隨著聲音的傳來, 人群自動向兩邊分開,一個身材魁梧的中年漢子從裡面走了出來。
“是誰報的案?”
男子又問了一遍,此人不是別人,正是負責南鑼鼓巷這一片的聯防隊隊長刑銘。
這人陳衛國在街道辦的時候見過一面,不過那時兩人沒有說話。
“您是邢隊長吧?”
陳衛國主動上前打招呼,
“是我報的案,這兩個盲流子,騷擾我們,非得說是我親戚!”
“這兩人我從來都沒有見過,我父親在的時候也從來沒跟我講過有甚麼老家,更別提老家有甚麼親戚了。”
“這兩人一上來就說是我的奶奶和叔叔!”
“他們爭辯不過,就躺地下耍賴!邢隊長,您來給評評理!”
刑銘聽完陳衛國的講述,轉頭看向有些畏畏縮縮不敢看人的母子倆人,
“他說的是真的嗎?”
老太婆像是下了莫大的決心,抬頭鼓起勇氣說道,
“我們是有證據的,我們就是他的親人,我是他奶奶,這個是他的小叔叔!”
“你看,這個是他父親跟我們簽訂的協議,我們這次來是想讓他還錢,還有幫他小叔叔在城裡找份工作的。”
“我們不是鬧事的,我們是好人,真的!”
“給我看看!”
旁邊一隻女人的手伸了過來。
刑銘轉頭一看,
“喲,王主任,您也來了!”
王主任點頭跟邢隊長打著招呼。
“王主任好!”
陳衛國乖巧的跟王主任打著招呼。
“小陳同志你好,你這已經有好久沒到我們街道辦來坐坐了哦!”
“最近在下鄉,剛剛回來,我明天就去街道辦拜訪您!”
王主任是甚麼意思,陳衛國心知肚明。
這個時候的街道辦的權力還是很大的,維護和街道辦一把手的良好關係很有必要。
不就是一些肉和糧嘛,他現在這些都不缺。
他空間裡面的糧和肉反正都是要出手的,賣誰不是賣呢。
賣給街道辦這些人,還能處好關係。
“那就說好了啊!”
王主任很高興。
【這個小陳很懂事嘛!】
“現在這個是怎麼回事?”
王主任一邊手裡拿著那張泛黃的協議書看著,一邊問陳衛國。
陳衛國又將剛才的話複述了一遍。

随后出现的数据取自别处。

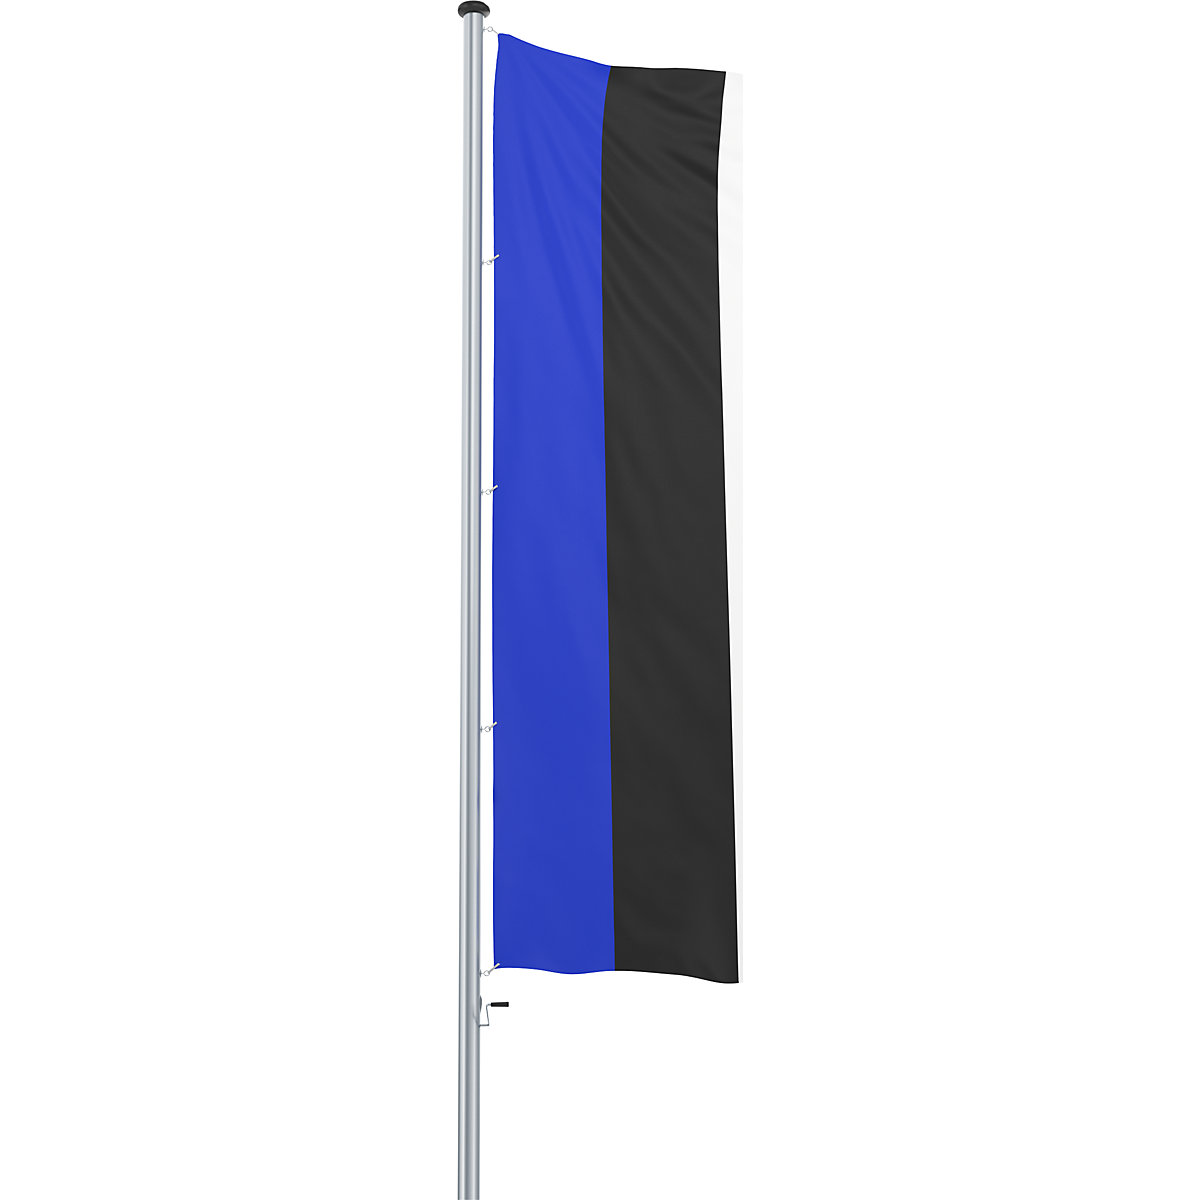 Mannus – Bandera para izar/bandera del país (Imagen del producto 46)

最後滿臉愁苦的說道,
“這兩人我是真不認識!我父親從來沒有跟我說過有這麼兩個人的存在!”
“邢隊長,這個事情,你怎麼看?”
王主任轉頭看向刑銘,詢問他意見。
刑銘接過協議書看了看,
“這個東西看著像是真的,不過現在有一方當事人已經不在了, 想知道這個事情的真偽,得去陳家溝調查一下,另外,還需要去郵局去調查。”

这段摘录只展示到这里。